Your goal:
Each line below should be retyped exactly, with no pictures.

Provided material:
★ ★ ★ ★
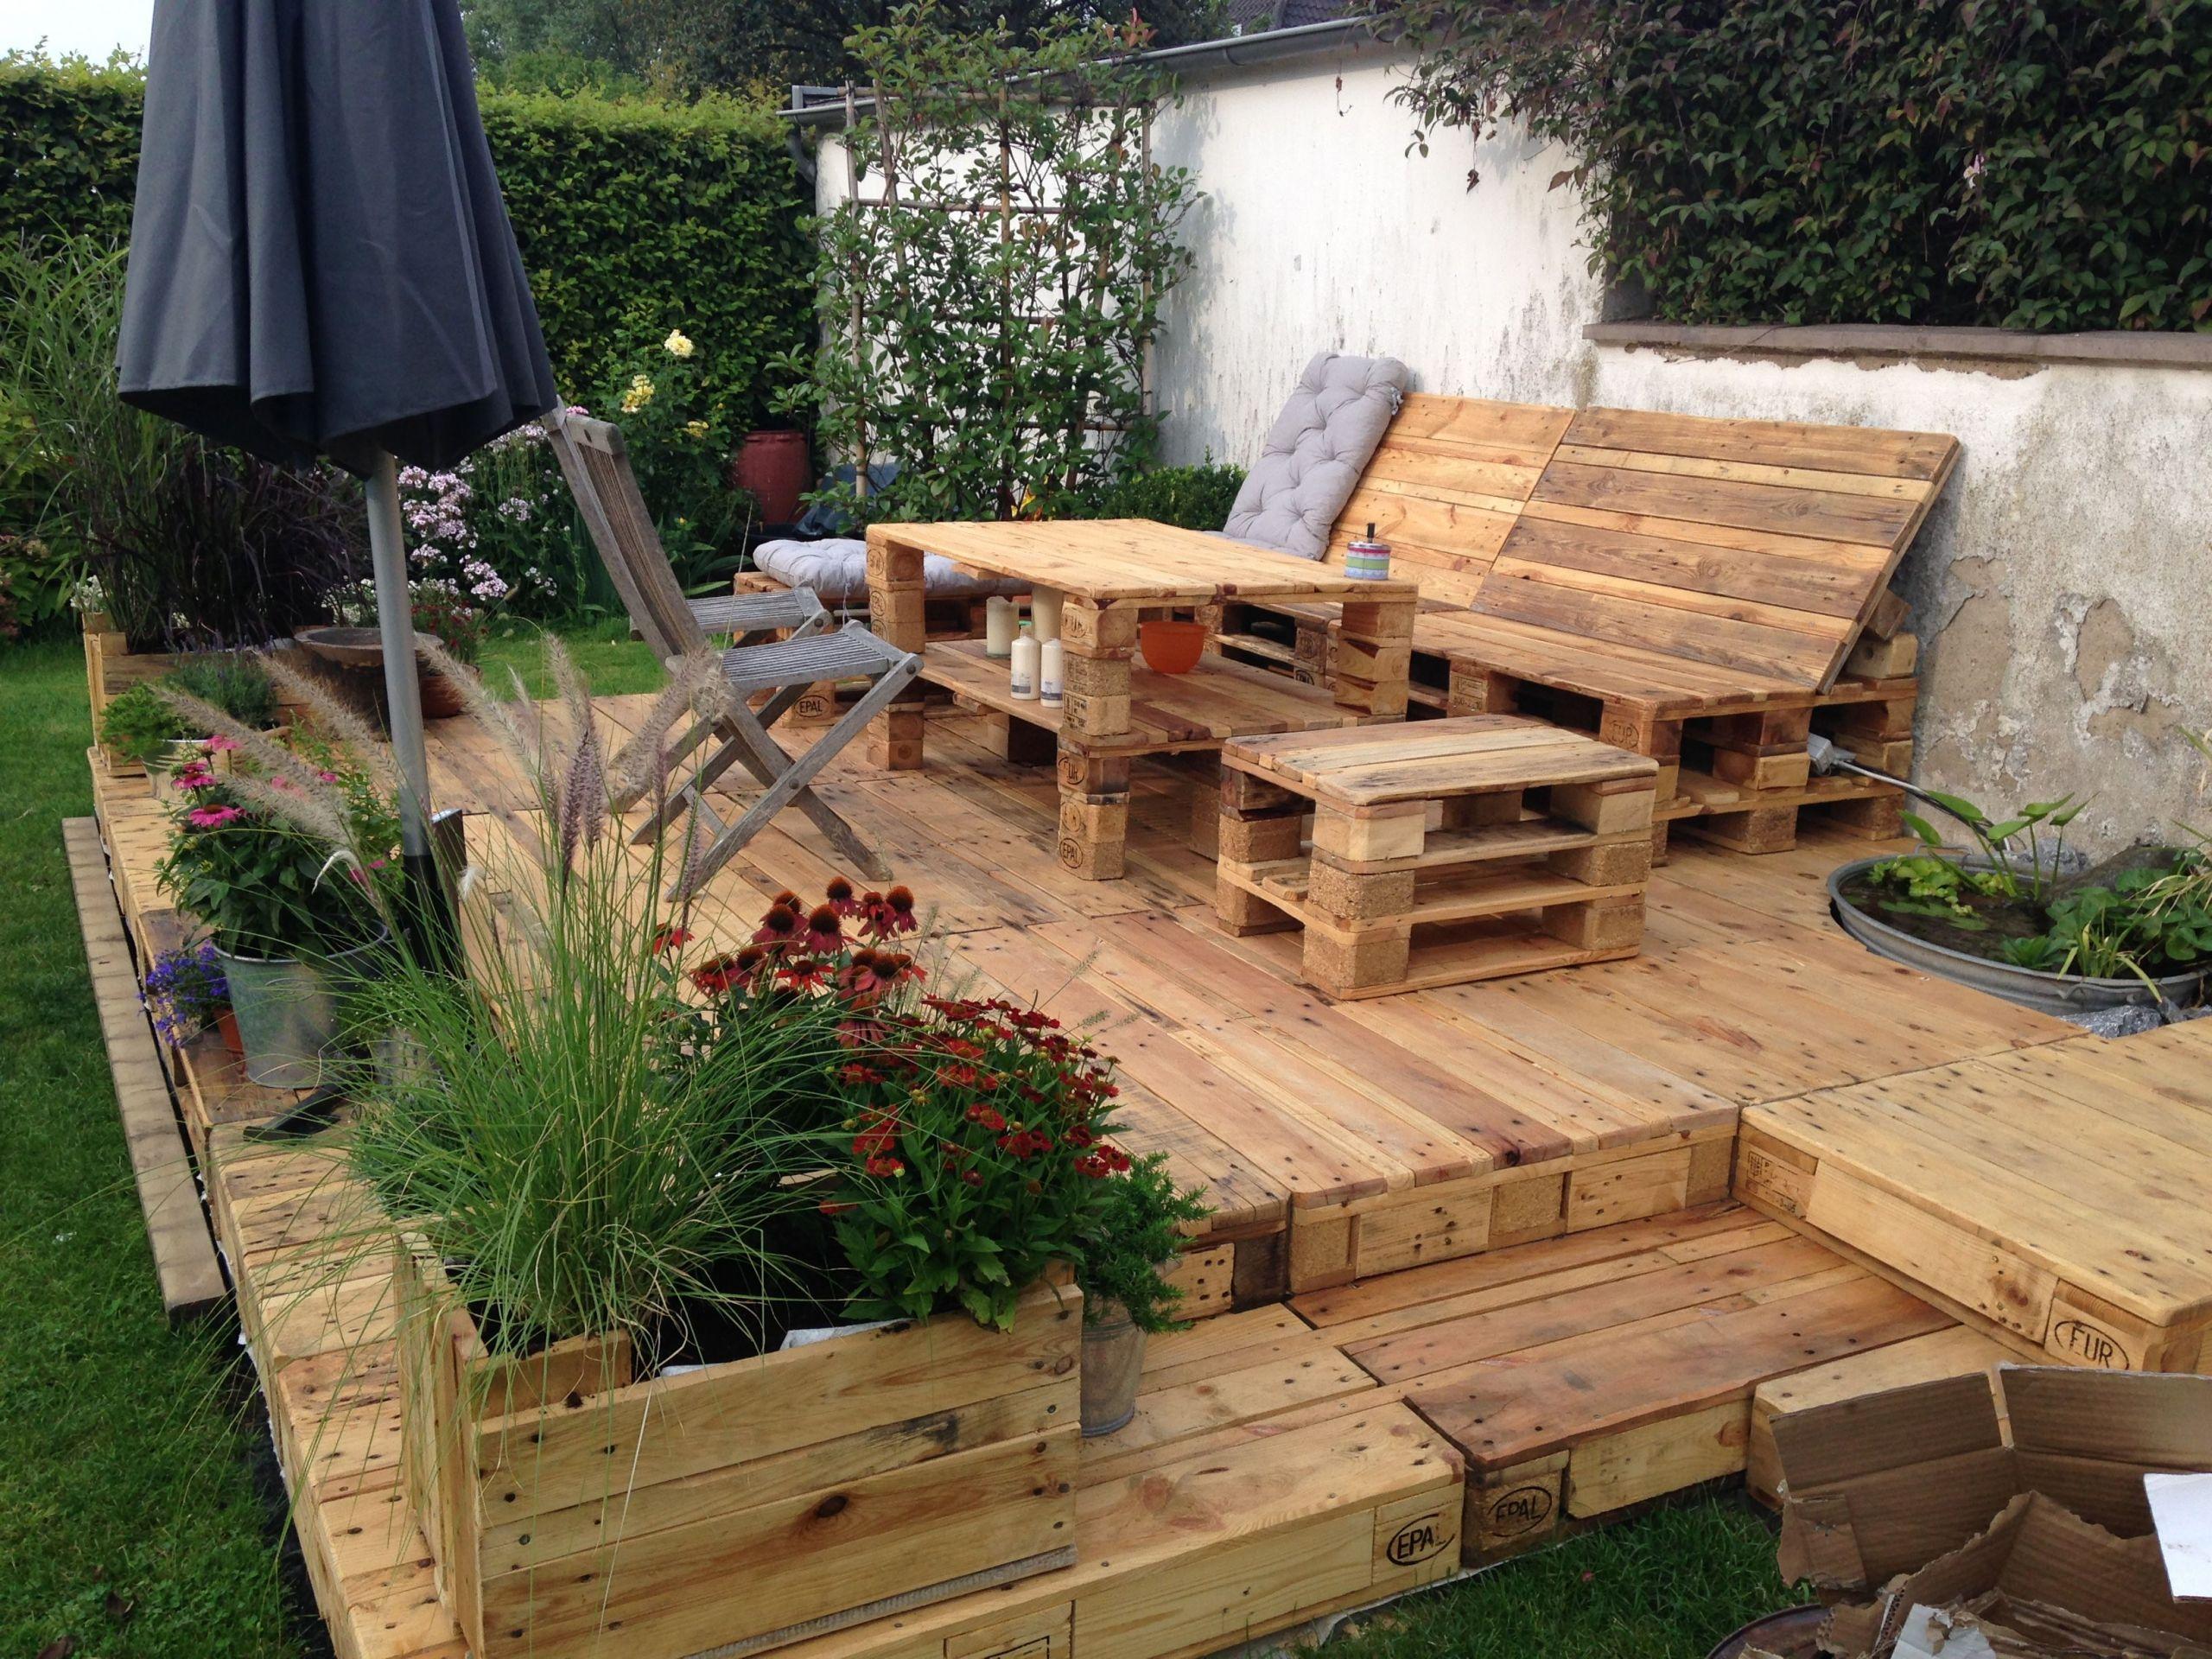 46 Genial Sitzecke Garten Selber Bauen Garten Deko
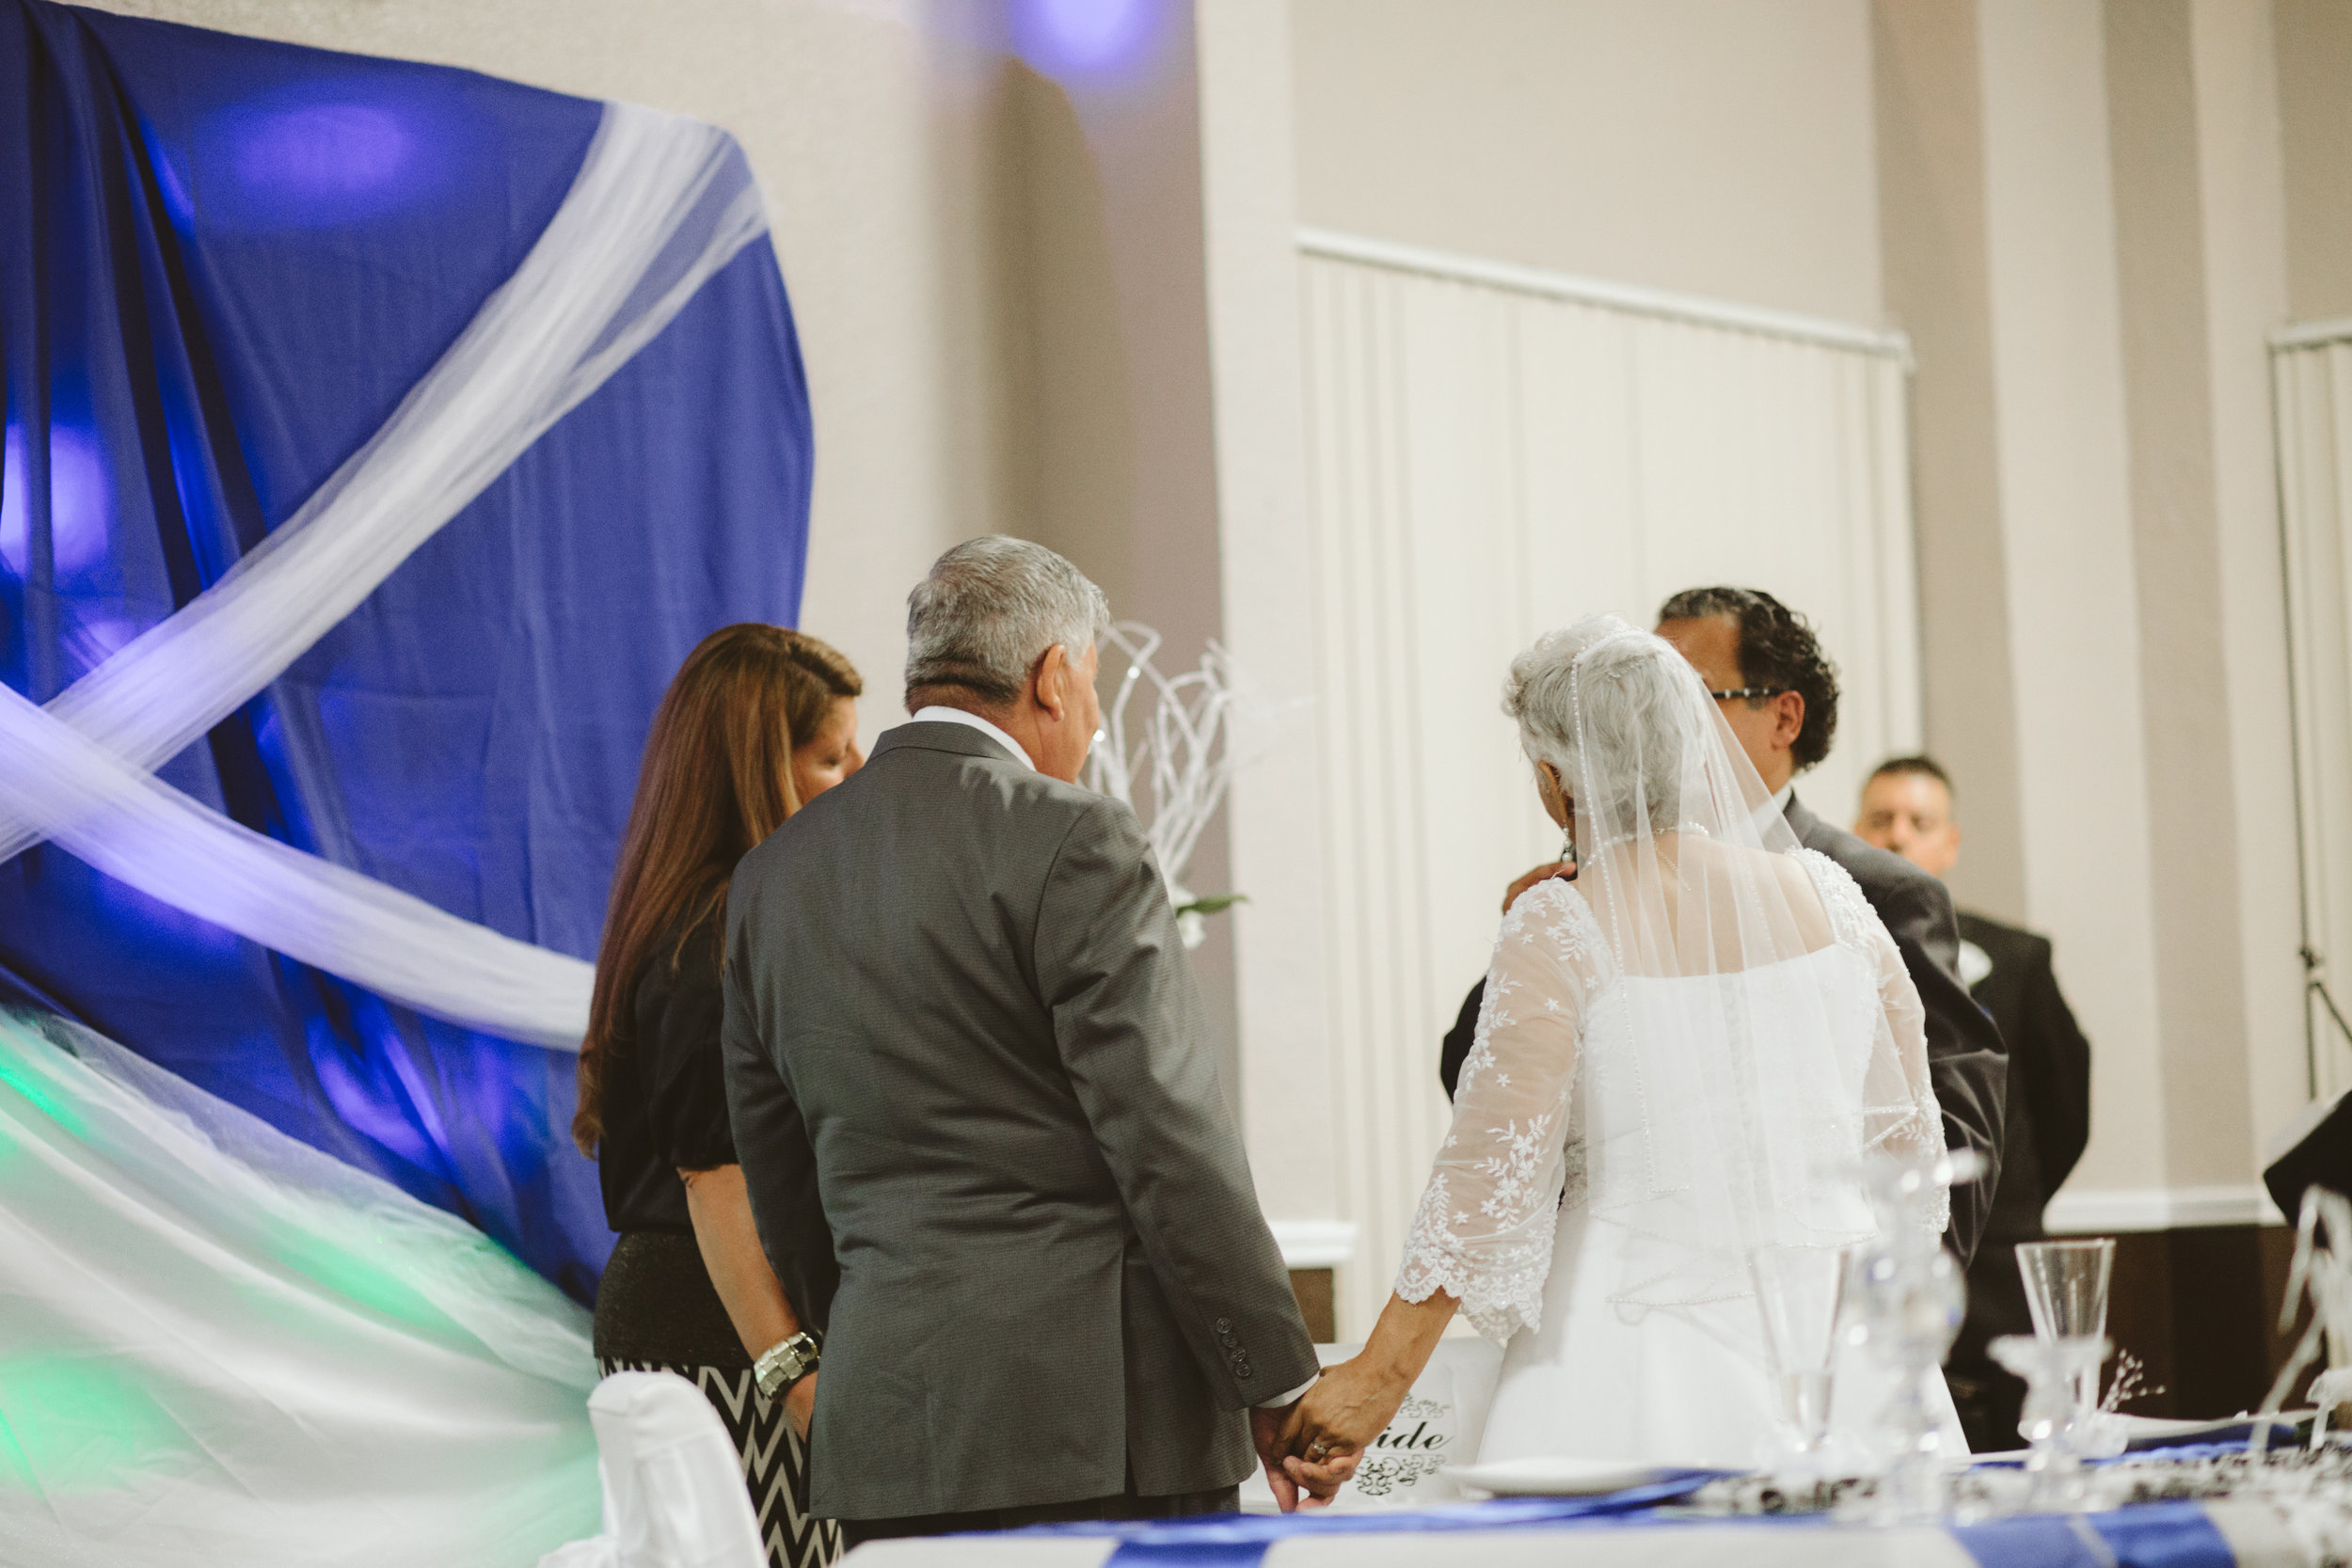 wedding | Vanessa Boy Photography | vanessaboy.com |-322.jpg
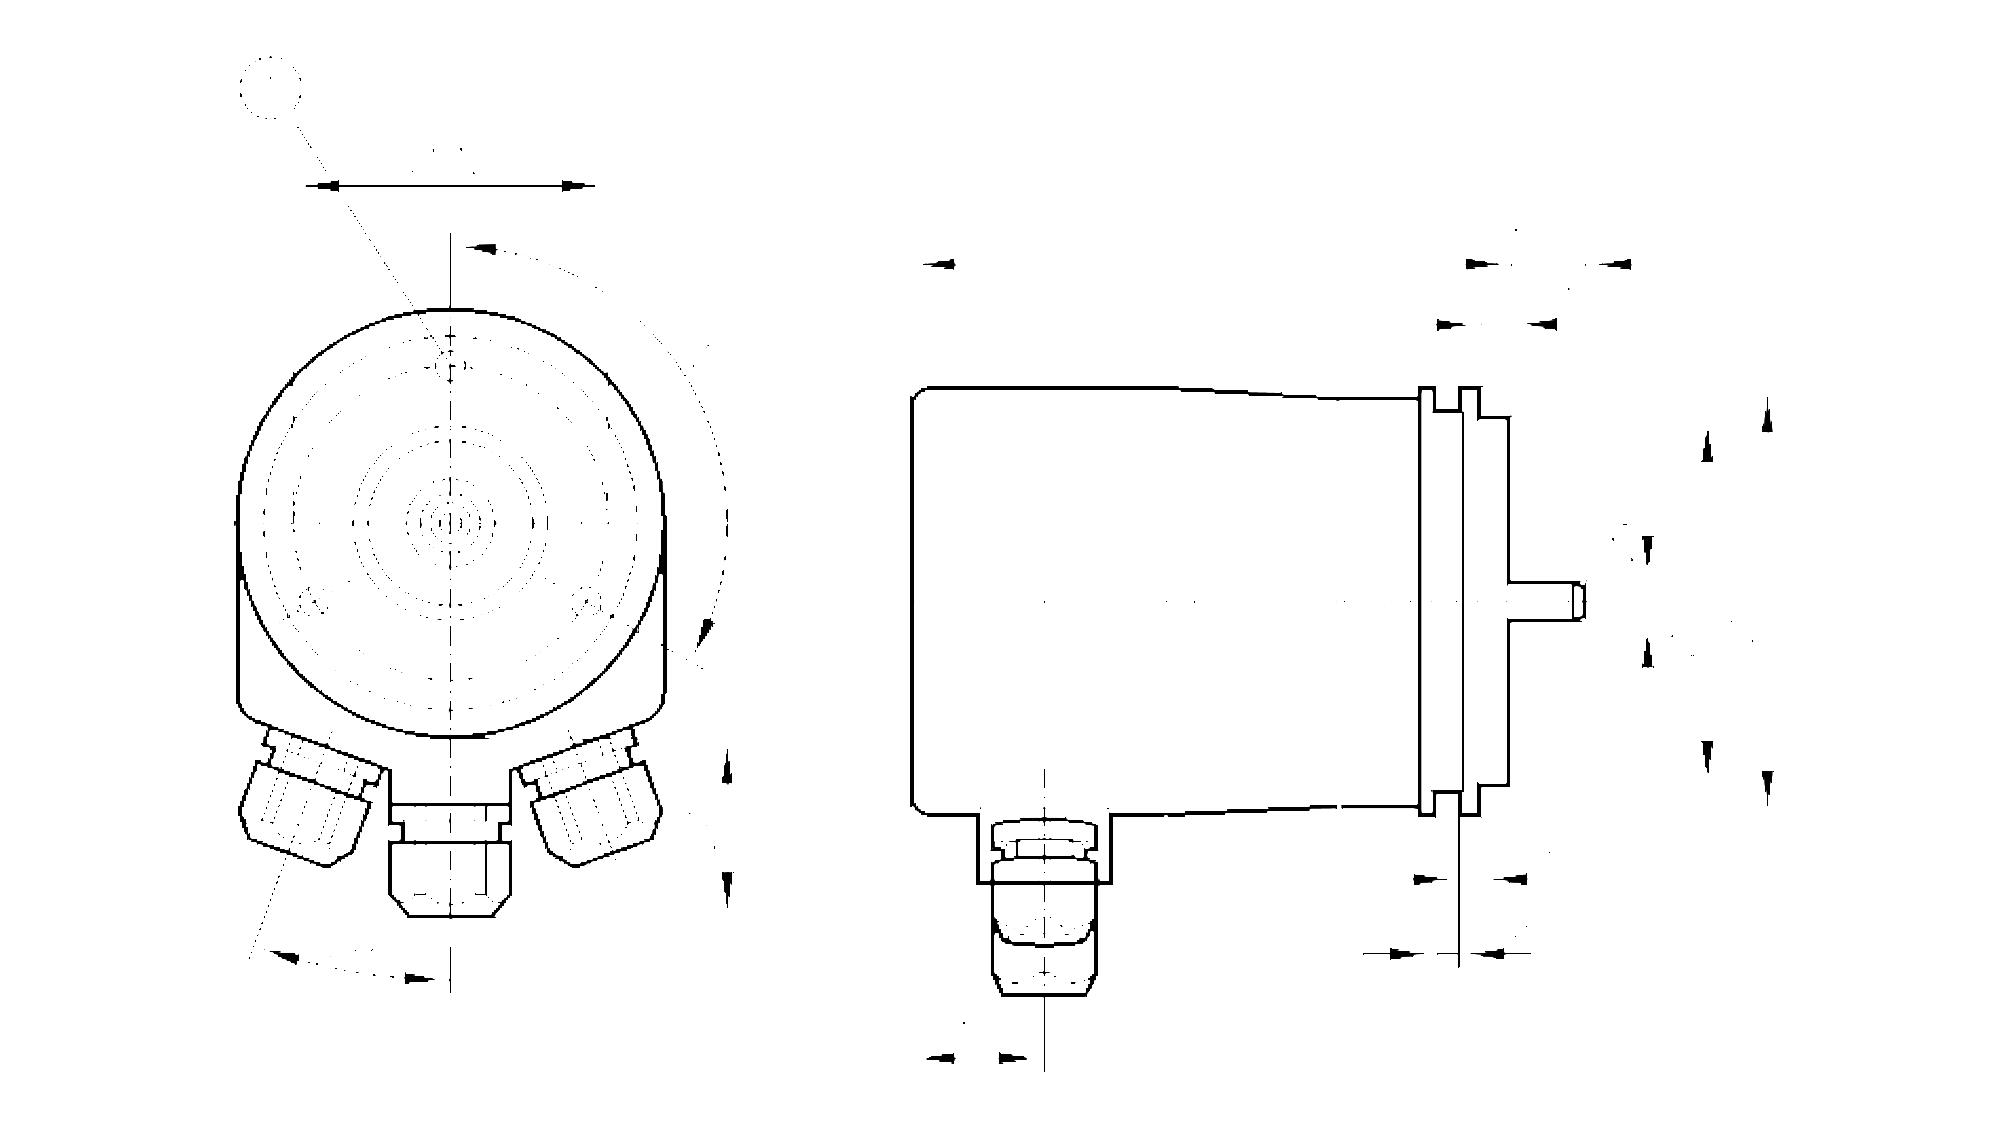 rm7003 - codeur multi-tours absolu  u00e0 arbre plein
★ ★ ★ ★
Exercise response:
 46 Genial Sitzecke Garten Selber Bauen Garten Deko
 wedding | Vanessa Boy Photography | vanessaboy.com |-322.jpg
 rm7003 - codeur multi-tours absolu  u00e0 arbre plein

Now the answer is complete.